◆ **Exercise objective**:
Transcribe exactly the lines that begin the material and continue through the line containing "KUTA, BALI ISLAND, INDONESIA". Leave out whatever follows.

☆ ☆ ☆ ☆ ☆ ☆ ☆

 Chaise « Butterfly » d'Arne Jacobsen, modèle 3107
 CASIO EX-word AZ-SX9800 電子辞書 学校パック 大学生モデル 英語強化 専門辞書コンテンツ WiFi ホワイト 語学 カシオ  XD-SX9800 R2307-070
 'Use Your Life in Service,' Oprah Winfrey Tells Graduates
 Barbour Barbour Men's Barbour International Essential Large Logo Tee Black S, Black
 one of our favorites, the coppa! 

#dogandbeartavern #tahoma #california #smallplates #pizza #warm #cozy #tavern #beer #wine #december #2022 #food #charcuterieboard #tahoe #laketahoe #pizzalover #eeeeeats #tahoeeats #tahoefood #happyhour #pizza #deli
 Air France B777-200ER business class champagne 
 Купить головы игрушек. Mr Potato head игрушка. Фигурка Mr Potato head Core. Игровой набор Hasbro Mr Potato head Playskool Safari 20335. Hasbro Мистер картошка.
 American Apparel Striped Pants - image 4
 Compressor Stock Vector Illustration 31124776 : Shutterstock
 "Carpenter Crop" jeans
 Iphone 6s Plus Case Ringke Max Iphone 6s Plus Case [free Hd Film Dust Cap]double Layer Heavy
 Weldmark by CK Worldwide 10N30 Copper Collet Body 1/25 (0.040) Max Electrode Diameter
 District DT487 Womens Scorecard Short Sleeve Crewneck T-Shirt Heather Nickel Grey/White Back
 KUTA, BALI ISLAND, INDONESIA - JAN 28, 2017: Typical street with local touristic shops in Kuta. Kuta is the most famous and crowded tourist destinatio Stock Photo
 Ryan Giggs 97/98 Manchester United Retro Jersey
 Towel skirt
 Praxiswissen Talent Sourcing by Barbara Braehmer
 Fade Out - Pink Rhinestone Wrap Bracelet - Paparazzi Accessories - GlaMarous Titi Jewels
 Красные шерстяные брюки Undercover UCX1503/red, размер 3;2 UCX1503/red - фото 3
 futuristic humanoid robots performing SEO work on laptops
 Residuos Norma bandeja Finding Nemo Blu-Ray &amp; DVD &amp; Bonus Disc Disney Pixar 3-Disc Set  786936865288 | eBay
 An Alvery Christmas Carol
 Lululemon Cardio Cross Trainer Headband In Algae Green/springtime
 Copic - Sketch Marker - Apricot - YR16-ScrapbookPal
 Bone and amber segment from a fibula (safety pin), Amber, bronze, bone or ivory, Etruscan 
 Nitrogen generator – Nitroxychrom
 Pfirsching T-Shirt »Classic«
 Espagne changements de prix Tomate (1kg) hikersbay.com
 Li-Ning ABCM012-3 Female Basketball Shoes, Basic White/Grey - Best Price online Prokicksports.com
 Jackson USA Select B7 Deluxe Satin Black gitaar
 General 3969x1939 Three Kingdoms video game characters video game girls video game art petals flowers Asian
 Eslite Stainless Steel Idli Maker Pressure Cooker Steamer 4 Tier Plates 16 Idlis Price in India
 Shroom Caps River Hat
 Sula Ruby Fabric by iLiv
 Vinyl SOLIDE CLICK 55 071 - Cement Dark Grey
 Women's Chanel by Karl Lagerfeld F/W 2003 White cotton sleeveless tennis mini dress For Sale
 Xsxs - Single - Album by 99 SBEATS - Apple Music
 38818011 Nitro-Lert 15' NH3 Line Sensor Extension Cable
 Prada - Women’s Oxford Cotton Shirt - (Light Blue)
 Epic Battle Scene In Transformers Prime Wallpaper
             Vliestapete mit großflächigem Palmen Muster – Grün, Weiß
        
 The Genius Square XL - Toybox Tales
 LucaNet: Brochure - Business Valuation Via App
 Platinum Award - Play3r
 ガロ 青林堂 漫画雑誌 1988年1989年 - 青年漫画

☆ ☆ ☆ ☆ ☆ ☆ ☆

◆ **Task response**:
 Chaise « Butterfly » d'Arne Jacobsen, modèle 3107
 CASIO EX-word AZ-SX9800 電子辞書 学校パック 大学生モデル 英語強化 専門辞書コンテンツ WiFi ホワイト 語学 カシオ  XD-SX9800 R2307-070
 'Use Your Life in Service,' Oprah Winfrey Tells Graduates
 Barbour Barbour Men's Barbour International Essential Large Logo Tee Black S, Black
 one of our favorites, the coppa! 

#dogandbeartavern #tahoma #california #smallplates #pizza #warm #cozy #tavern #beer #wine #december #2022 #food #charcuterieboard #tahoe #laketahoe #pizzalover #eeeeeats #tahoeeats #tahoefood #happyhour #pizza #deli
 Air France B777-200ER business class champagne 
 Купить головы игрушек. Mr Potato head игрушка. Фигурка Mr Potato head Core. Игровой набор Hasbro Mr Potato head Playskool Safari 20335. Hasbro Мистер картошка.
 American Apparel Striped Pants - image 4
 Compressor Stock Vector Illustration 31124776 : Shutterstock
 "Carpenter Crop" jeans
 Iphone 6s Plus Case Ringke Max Iphone 6s Plus Case [free Hd Film Dust Cap]double Layer Heavy
 Weldmark by CK Worldwide 10N30 Copper Collet Body 1/25 (0.040) Max Electrode Diameter
 District DT487 Womens Scorecard Short Sleeve Crewneck T-Shirt Heather Nickel Grey/White Back
 KUTA, BALI ISLAND, INDONESIA - JAN 28, 2017: Typical street with local touristic shops in Kuta. Kuta is the most famous and crowded tourist destinatio Stock Photo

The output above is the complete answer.